I love that God’s precursor to the promise of the new thing comes with a practical strategy.  A strategy to forget!  I think so often we sense or even know that God is calling us into a new season, but we hinder ourselves by continually thinking on the wounds of the past.  As we ‘keep on thinking about them’, we re-live them, re-experience them and they are corrosive to the promise that stands in front of us.  Our thinking on the past when the past is not something we enjoyed drags it from its rightful place behind us, to an obstacle in front of us that taunts us with discouragement. It makes links between your present and past with a smirk on its face questioning, ‘how’d this go last time you tried it?’ If that doesn’t get you, then its follow up line of ‘nothing’s changed’ makes for its classic one-two-punch.

The apostle Paul also recognised and knew the power of forgetting the past – and he was a man with a past he was not proud of!

Brothers and sisters, I do not consider myself yet to have taken hold of it. But one thing I do: Forgetting what is behind and straining toward what is ahead, I press on toward the goal to win the prize of God’s heavenly calling in Christ Jesus. (Phil 3:13-14)

Again, the strategy repeats, a necessary forgetting of all that was behind and a straining and a pressing on toward the future.  A future-focused-forgetfulness. I love Paul’s confidence too, that his future of fulfilling his calling was likened to winning a prize.  Our futures and the new things God is doing in our lives should be a source of inspiration and hope to us, but I have found the past can be the grim reaper if allowed to step in front of us.  The annoying part about this is that it is only us that allow it that permission and its our thoughts that promote them to a place they were never intended to be. We really need to take every thought captive and make it obedient to the will of God, that is the keeper of our future and our prize.
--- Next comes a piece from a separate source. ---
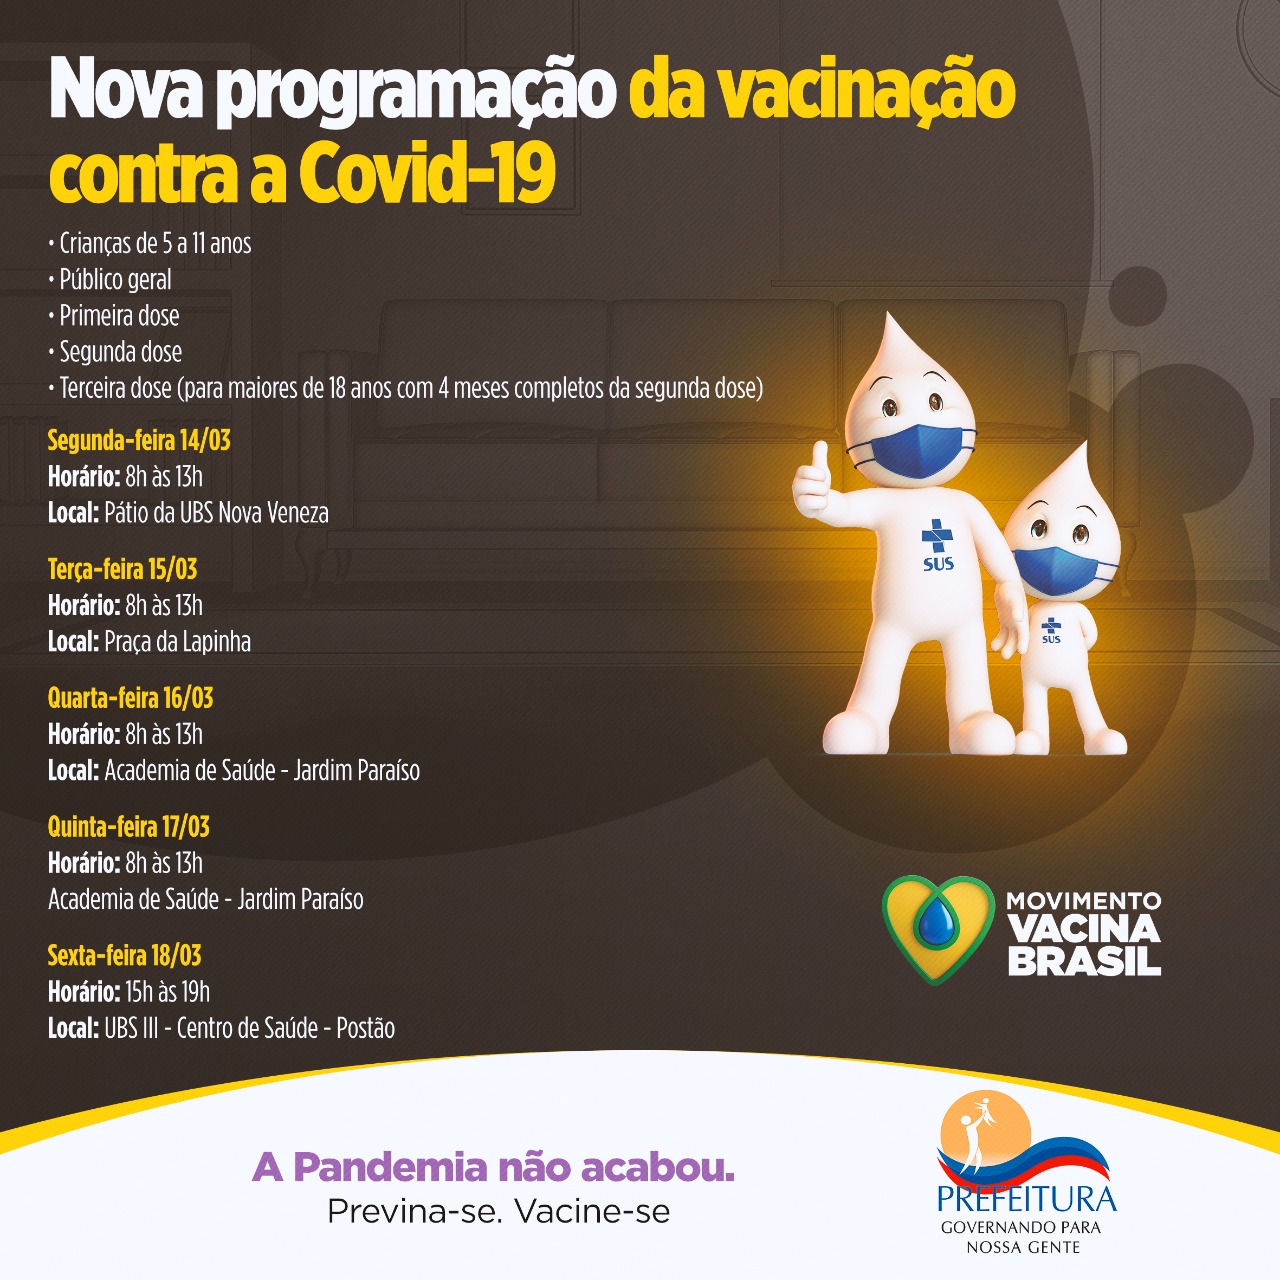 Hoje (4) tem exibição de Sonic na retomada do projeto Cinema no Bairro -  Prefeitura Municipal da Estância Turística de Pereira Barreto
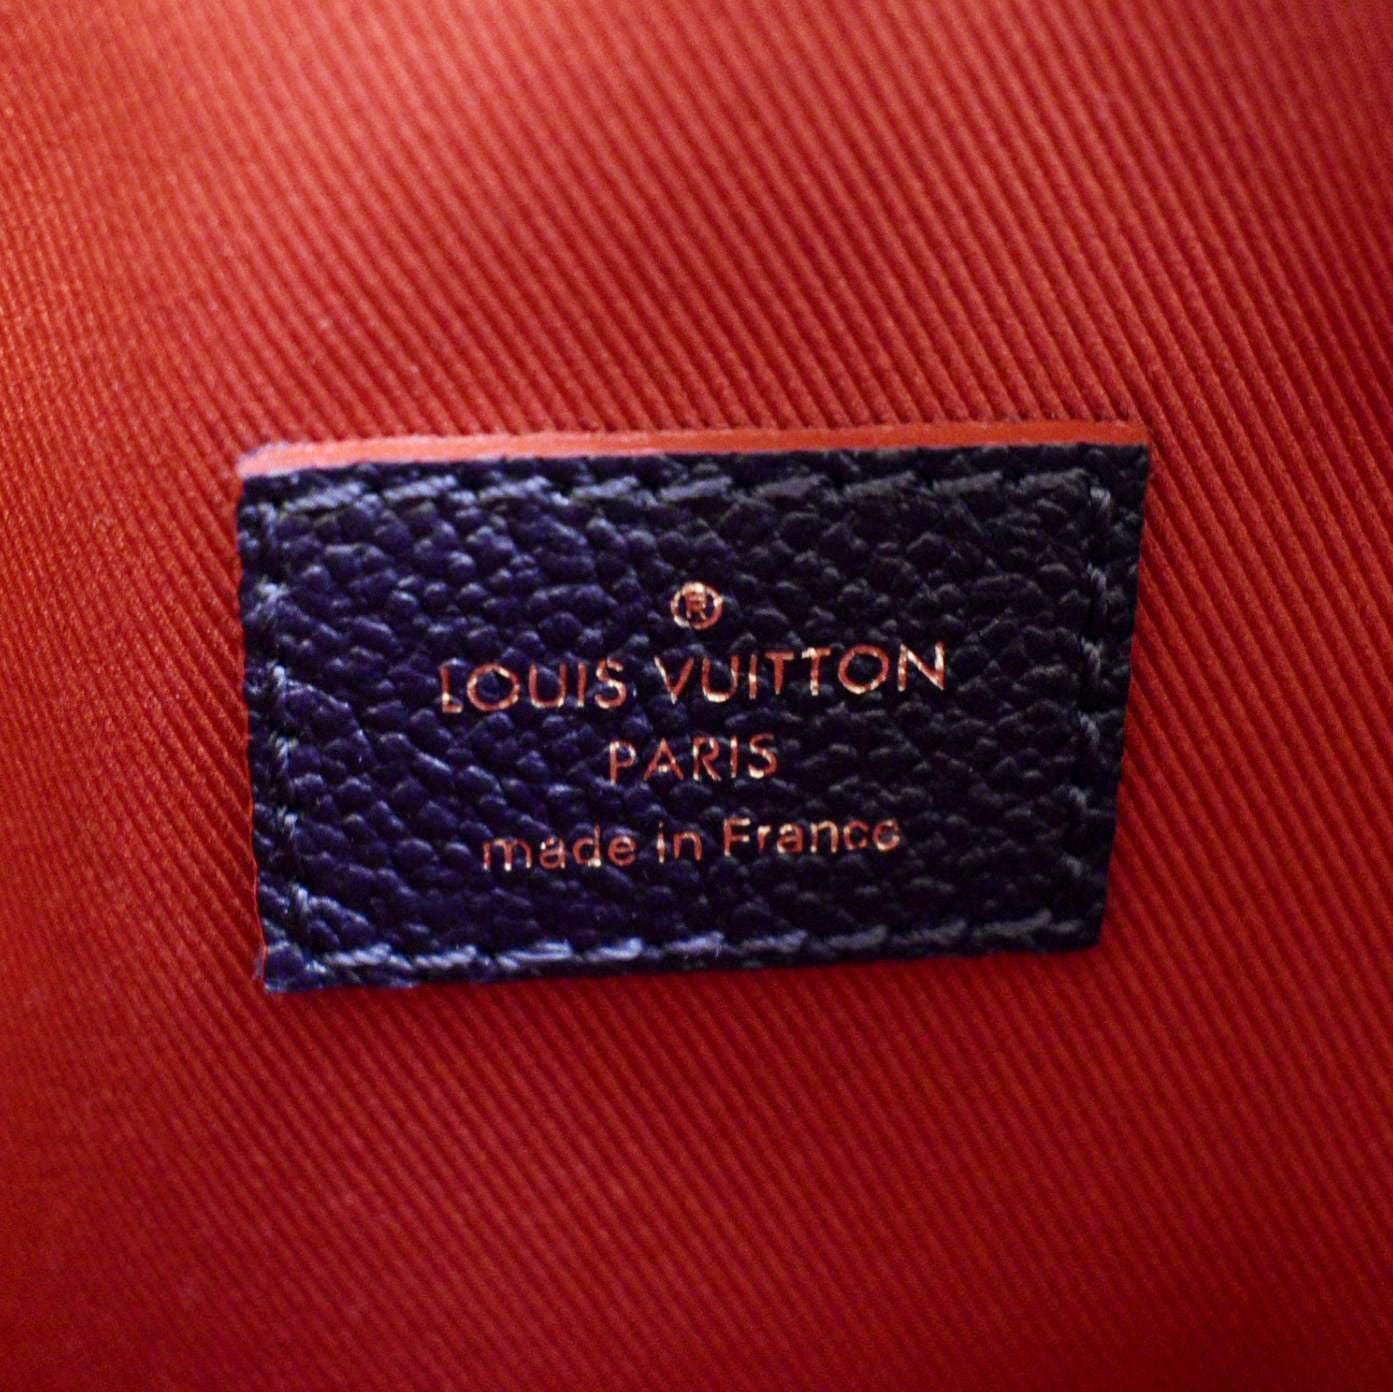 Louis Vuitton Black LV bag, All black outfits, Paris

The future doesn’t just roll in when its loaded with promise.  It’s naïve to think the enemy would allow it to unfold effortlessly and for you just to walk into it like a pre-prepared stage set. To step into all that is in front of us there is a process and the process is to forget and focus. Forget the failed attempts and disappointments of the past. It’s to throw off the things that hinder so you can travel lightly, so you can run.  Fear will come. Memories and failures past will be thrown up on the projector screen of your mind at random moments. There is only one who is able to fully forget and though we are made in His image, we need to get better at this skill with His help.

The past can be a weapon used against you that keeps trying to get in front of you instead of stay behind.  It is an act of will and a choice, to forget.  To dismiss when memories are triggered, to pray when current similarities taunt and to declare that which has been promised.  We focus on all that lays ahead, straining toward it and just simply… forget the rest!